# Update Post #14 - Lucky - NMR's newest little guy



## maggieh (Dec 16, 2007)

Well, today, instead of taking Tessa to the Pet Expo and letting her strut her stuff for the second day in a row, Mary Palmer asked me to go meet a couple who decided to surrender their dog to rescue. I met them in Indiana and then took him up to Mary in Arlington Heights - this little guy had no "meat" on him whatsoever. I've never seen a creature this emaciated and still alive. He was dirty, smelly, and absolutely one of the sweetest little dudes you ever met. When we took him out of the carrier, his tail was up, his eyes were bright and alert and he just wanted to see everything that was going on. His skin appears to be green in places, as if they dyed him green for St. Patty's day! :angry: In the pic below, you can see just how dirty his paws are - the rest of his hair is probably white from trying to get the green dye out. I don't want to know what they used:angry::angry::angry:

His former owners claimed he wouldn't eat for them which is why he was so skinny. During the last half hour of the Pet Expo, he drank a bowl of water and ate a bowl of food, so whatever was keeping him from eating, it wasn't a desire to eat. :blink:

Anyway, we decided his name was "Lucky" and he will be heading for the vet first thing in the morning. Here's his pic from when I delivered him to Mary. Now, excuse me while I go hug my girls and cry just a bit.


----------



## maltlovereileen (Jan 19, 2009)

He's a little cutie pie...so glad he is with rescue now.
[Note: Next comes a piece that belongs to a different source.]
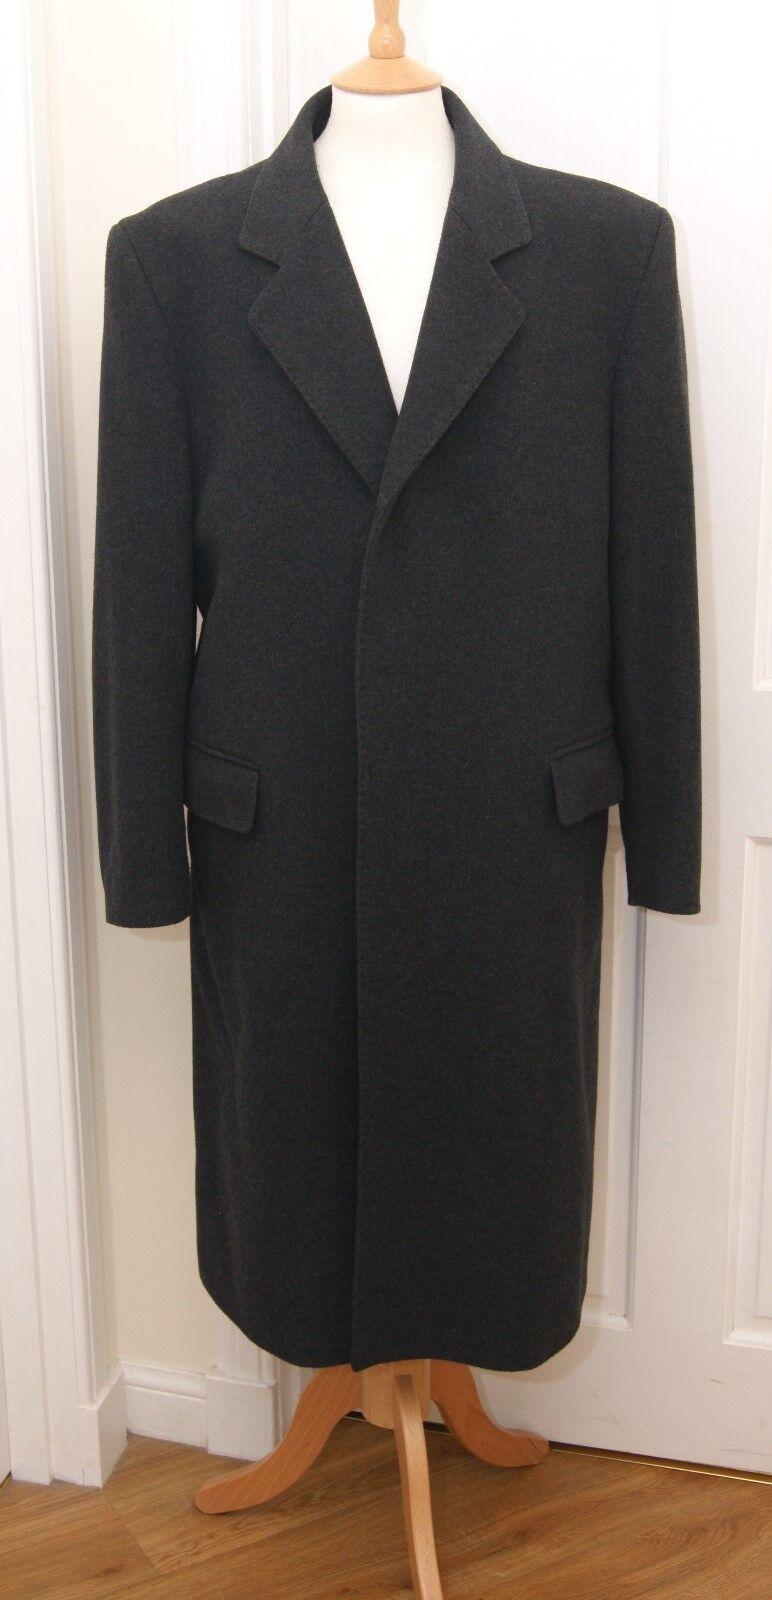 Brook Taverner grey wool cashmere single breasted overcoat coat 38  97cm reg.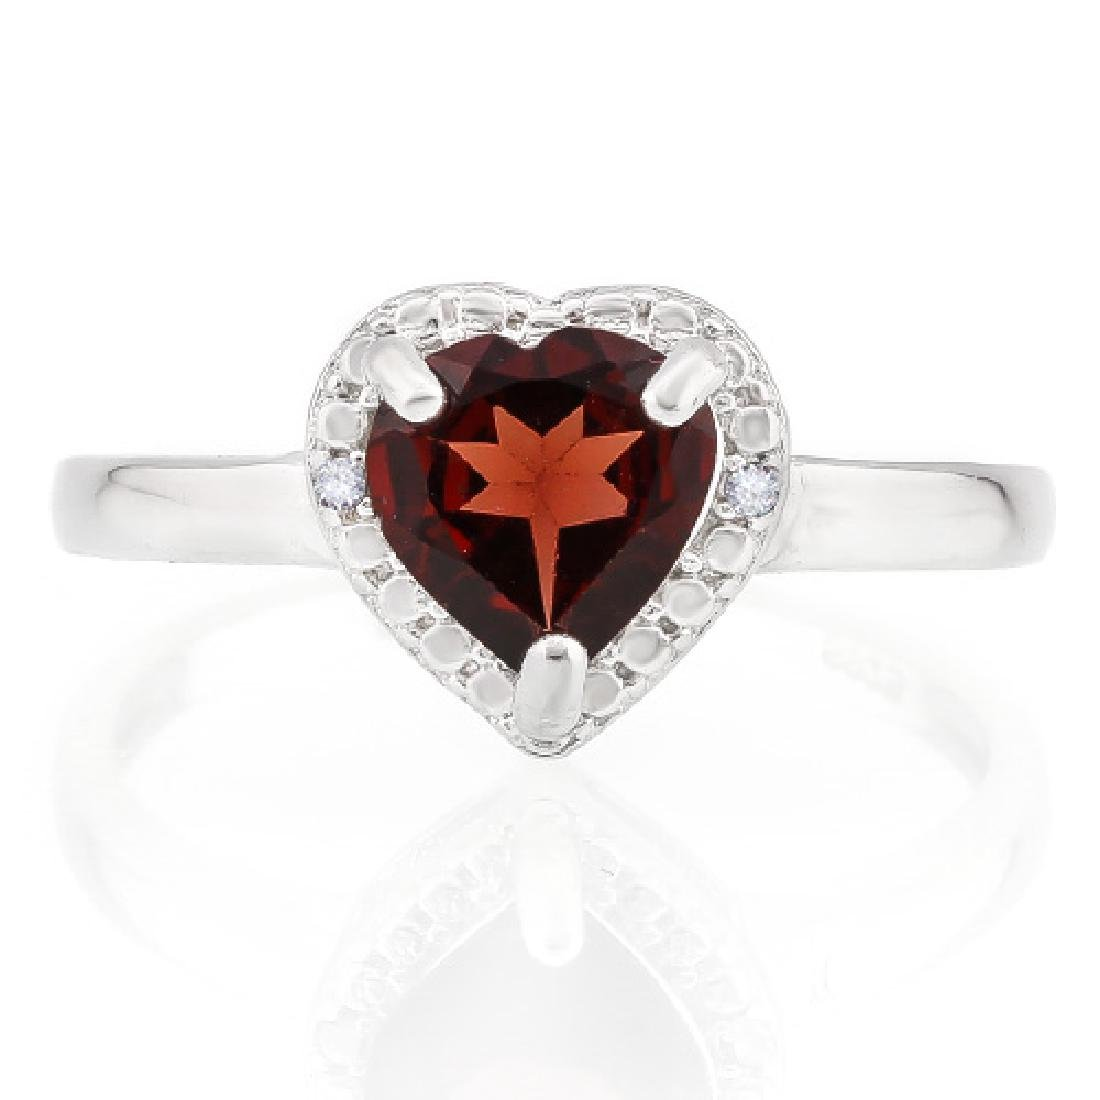 1 1/4 CARAT GARNET & DIAMOND 925 STERLING SILVER RING

Hard to see how skinny he is because of his fur. But I can just imagine  He's in good hands now


----------



## cyndrae (Aug 30, 2009)

Bless you for taking care of Lucky.


----------



## Carole (Nov 1, 2005)

Very sweet of you to lend a helping hand to this little guy. :thumbsup:


----------



## ilovemymaltese (Oct 9, 2008)

Awwwww! Which expo? I saw the fashion show of rescues on Saturday at the super pet expo in VA.


----------



## iheartbisou (Feb 13, 2007)

I'm glad Lucky is in good hands now. 

Why people dye their pets is just so beyond me!!!


----------



## Katkoota (Feb 18, 2006)

I am happy to read that Lucky is in good loving hands now 

Hugs
Kat


----------



## Tanner's Mom (May 27, 2005)

At least they had the good sense to put him in rescue. Now he has a chance for a wonderful life.


----------



## KAG (Jun 1, 2006)

Aww, Maggie. You're the best, my friend. Lucky is extremely lucky for meeting you.
xoxoxoxoxooxoxoxo

The owners should be locked up for abuse, as far as I'm concerned.


----------



## roxybaby22 (Feb 25, 2009)

Hah, like he wouldn't eat... :angry:

Well, at least Lucky's in good hands now. :thumbsup:


----------



## uniquelovdolce (Mar 10, 2010)

im so happy that he is going to get the help he needs poor baby !


----------



## drclee (Jul 16, 2008)

Thank you so much for helping the poor soul!


----------



## revakb2 (Sep 8, 2006)

I'm so glad you were able to help out wih Lucky. I'm sure this will be the beginning of a lucky new life.


----------



## maggieh (Dec 16, 2007)

I got an update today from Mary Palmer - Lucky's been in the hands of the rescue for 10 days now - he's gained a full pound and has gotten rid of some parasites. He is perfectly healthy otherwise! He's in his new foster home and has a lot of work to do in terms of socialization since he was basically locked in a bathroom, but we are all very confident he'll do just fine and find a fur-ever home soon!


----------



## Snowbody (Jan 3, 2009)

So great to hear good news. Will keep thinking of you and praying for you.:wub:


----------